▶ [Material provided]

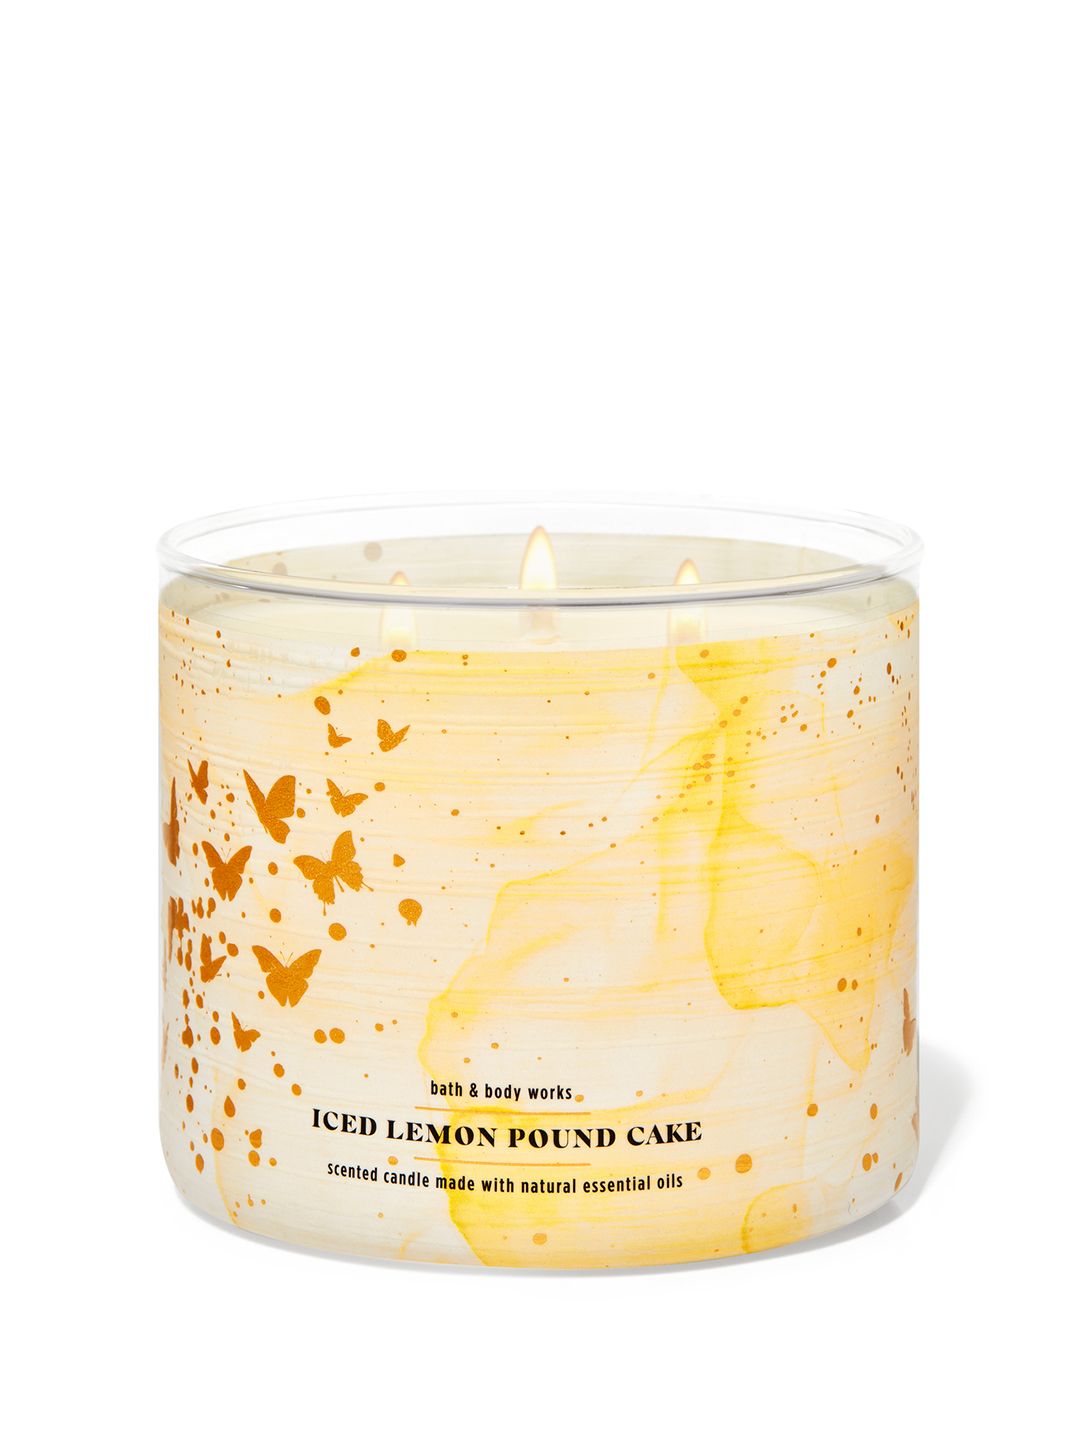 Bath & Body Works Iced Lemon Pound Cake 3-Wick Scented Candle - 411 g Price in India
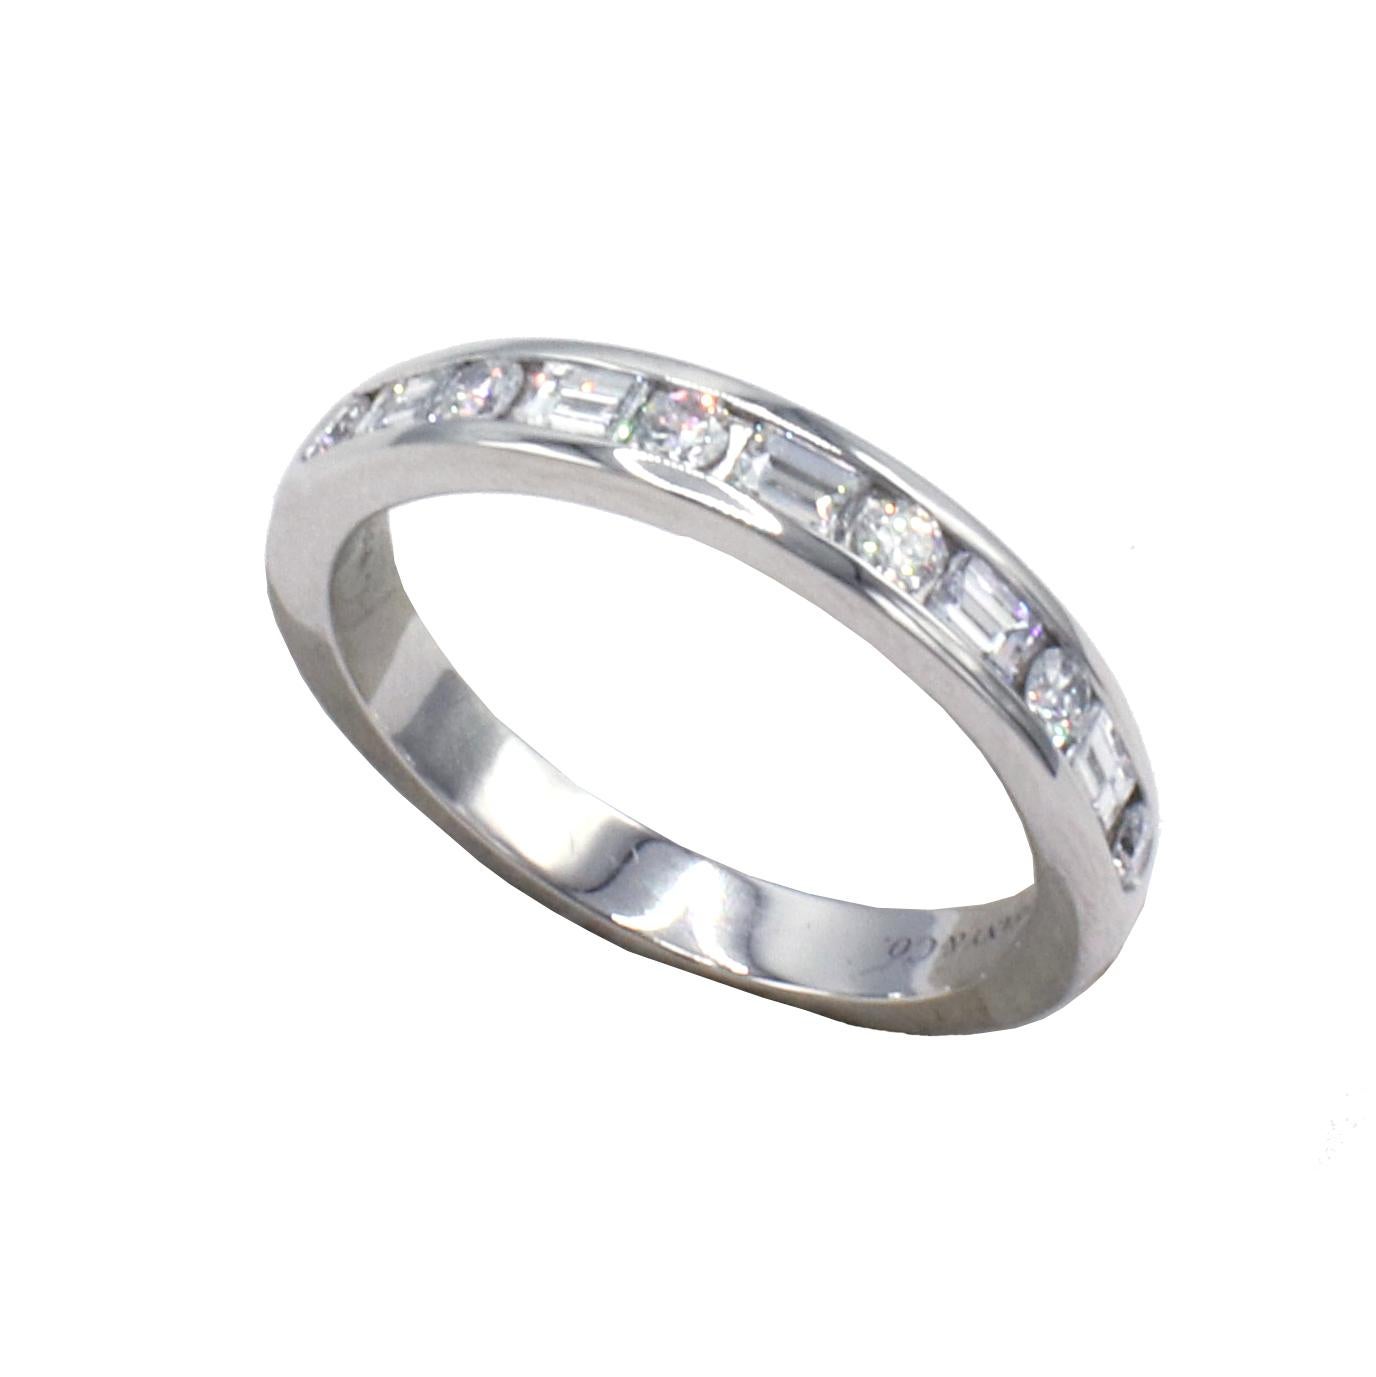 Tiffany & Co. Platinum Round and Baguette Natural Diamond Wedding Band Ring 
Metal: Platinum, PT950
Weight: 6.12 grams
Diamonds: Approx. .65 CTW round and baguette F-G VS natural diamonds 
Size: 8 (US)
Width: 3.5mm
Retail $4,100 USD

▶ [The problem] Everything in the listing above except the pictures should be duplicated exactly.

▶ [Exercise result]
 Bath & Body Works Iced Lemon Pound Cake 3-Wick Scented Candle - 411 g Price in India
 Tiffany & Co. Platinum Round and Baguette Natural Diamond Wedding Band Ring 
Metal: Platinum, PT950
Weight: 6.12 grams
Diamonds: Approx. .65 CTW round and baguette F-G VS natural diamonds 
Size: 8 (US)
Width: 3.5mm
Retail $4,100 USD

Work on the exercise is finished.